Давид сидел на корточках у дальней стены, прижавшись спиной к холодному бетону. В руках у него был толстый кусок кости, принесенный с бойни – его скудный вклад в общее пропитание. Тонким, остро отточенным ножом (орудием его повседневного существования) он терпеливо, с почти хирургической точностью счищал остатки жира и сухожилий в грязноватую миску. При окрике он медленно поднял голову. Огромные и темные глаза были лишены всякого выражения, как у глубоководной рыбы.
Давид посмотрел на Бухарчика, потом на Броневика, затем его взгляд пробежался по спящему деду.
– Не знаю, – тихо без интонаций сказал он. – «Тихий час»? – Это прозвучало не как предложение, а как констатация единственного желанного состояния – полного покоя и тишины.

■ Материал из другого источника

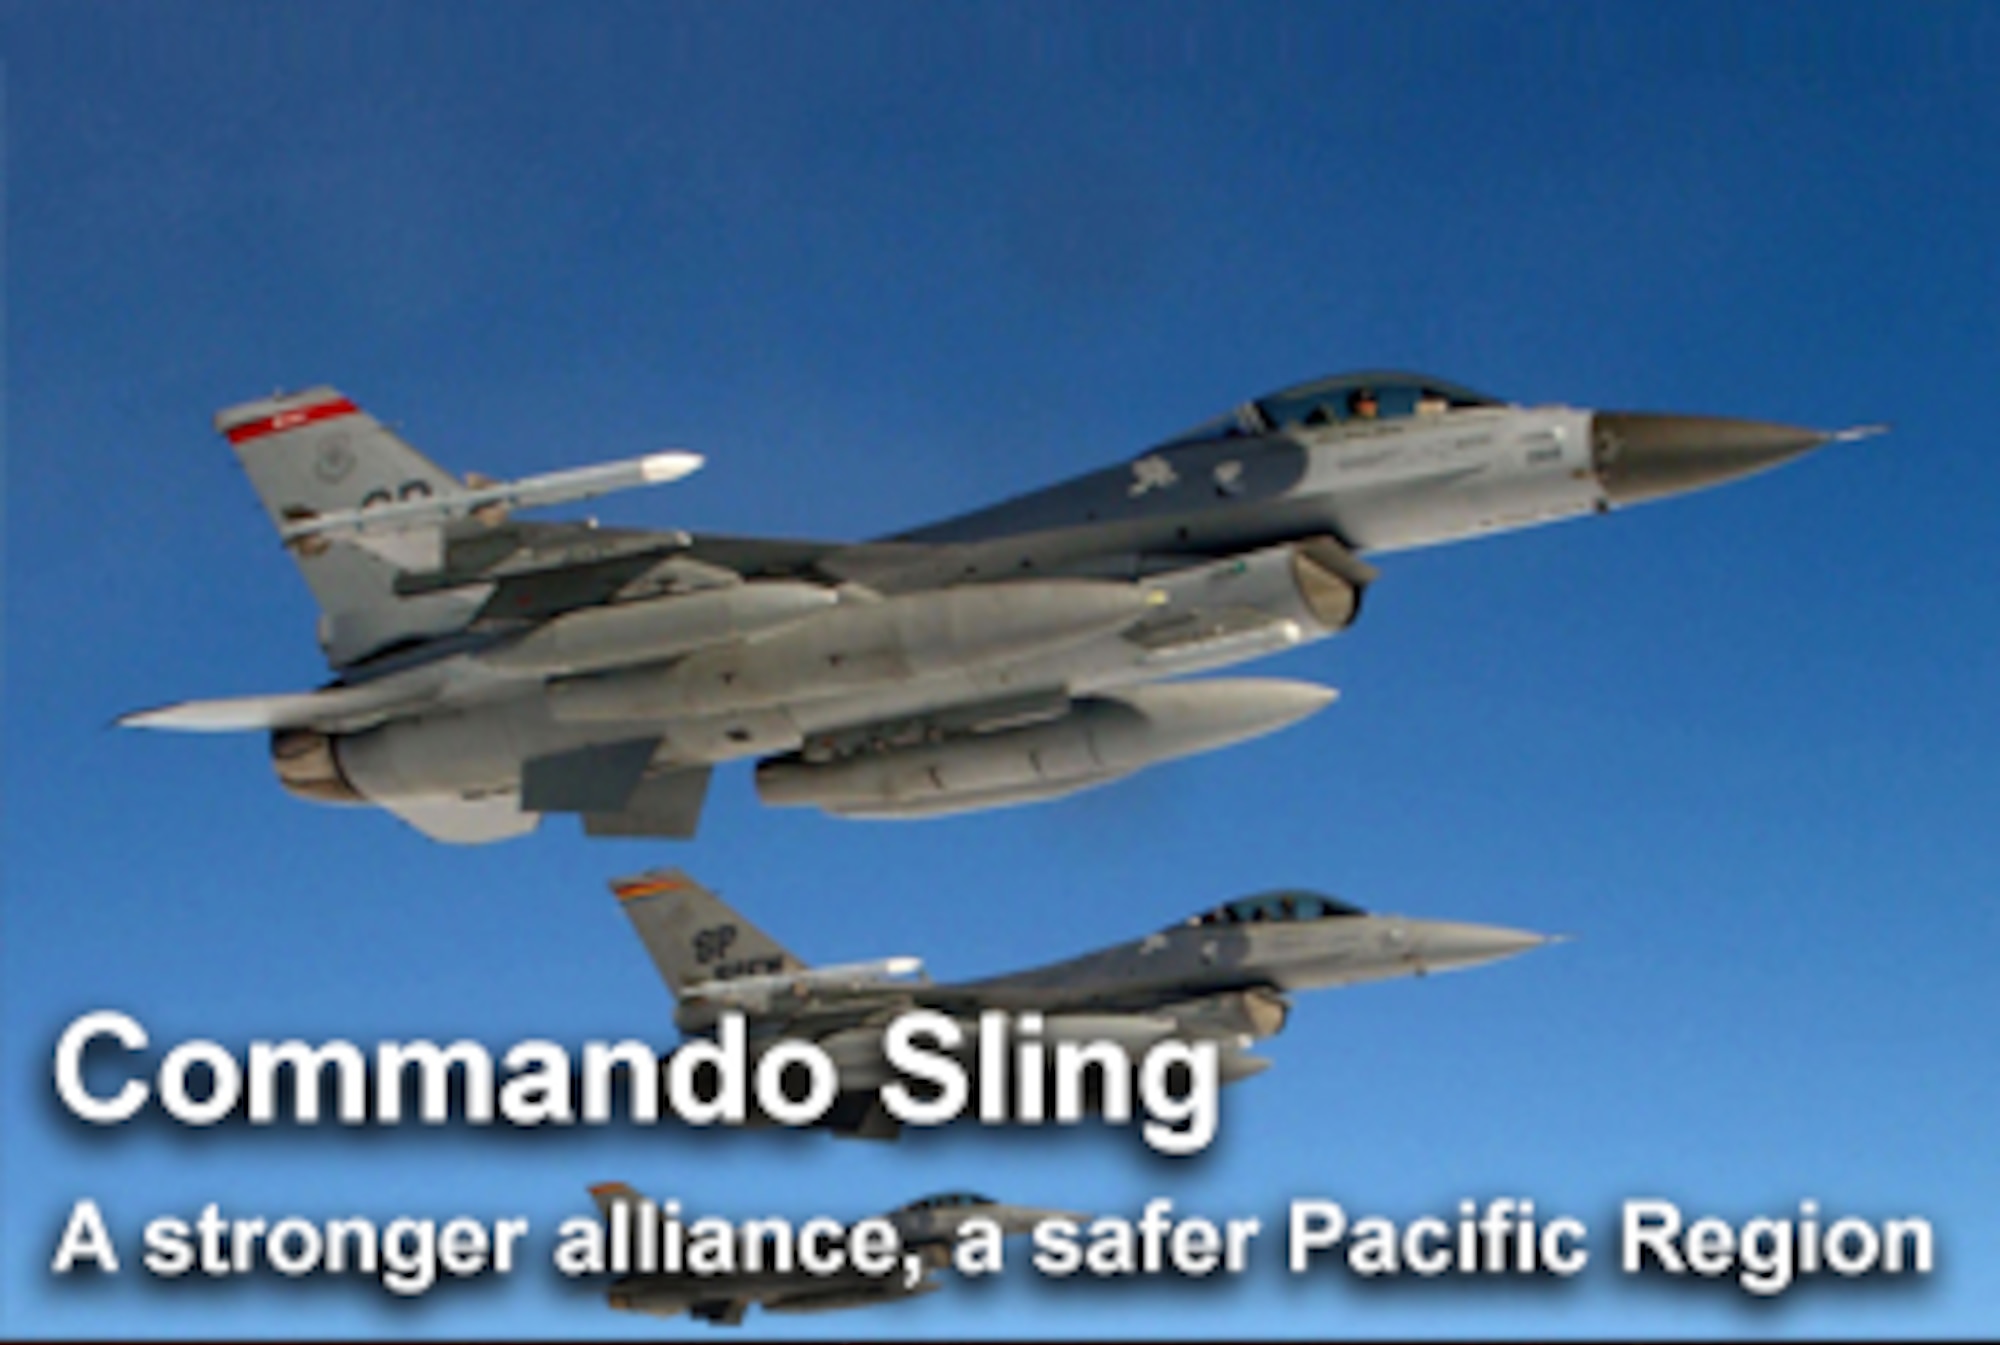 Commando Sling is primarily an air-to-air combat exercise at Paya Lebar Air Base, Singapore. The goal of Commando Sling is a stronger alliance and a safer Pacific Region. (U.S. Air Force photo illustration)

– Фу! – Бухарчик ударил кулаком по столу, заставив подпрыгнуть окурки в жестяной банке. – Сопливо! Надо мощно! Эпатажно! Чтобы запомнили! Чтобы как плевок в рожу этому… этому капитализьму! Чтобы как нож под ребро! – Он замолчал, тяжело дыша. В его пьяном, воспаленном мозгу клубились образы: ослепительные пионерские костры, реющие алые знамена, слитные крики толпы, ощущение силы, принадлежности… И что-то темное, первобытное, животное, поднимающееся из глубин.
И вдруг – удар. Как разряд от оголенного провода их хрипящего усилителя. Не мысль – инстинкт. Примитивная, биологическая ярость творения и разрушения, сплавленная в одну чудовищную метафору. Глаза Бухарчика дико расширились, губы искривились в гримасе, не то экстаза, не то судороги.
– Красная Сперма! – заорал он, и слова повисли в воздухе, густые, липкие, осязаемые, как семенная жидкость.
Предложение Владлена встретила гробовая тишина.
Броневик замер с папиросой у рта. Дым застрял в горле, вызвав спастический кашель. Он уставился на Бухарчика, как на внезапно заговорившее чудище. Давид перестал водить ножом по кости. Его пальцы замерли. Даже Шаланда сконцентрировал свое внимание на последних словах внука.
– Да! – Бухарчик вскочил, опрокидывая табурет. Его тень на стене взметнулась гигантской, уродливой фигурой. – Мы же осеменим народ идеями! Зачнем дитя Нового Века! Наша музыка – это сперма правды! Живая, горячая, бьющая струей!
Владлен сделал откровенно непристойный жест рукой.
– Мы кончим в уши всем этим глухим невеждам своими текстами! Заполним их пустые черепа! Красная – потому что революционная! Потому что наша кровь! Наша ярость! Наше семя! Красная Сперма!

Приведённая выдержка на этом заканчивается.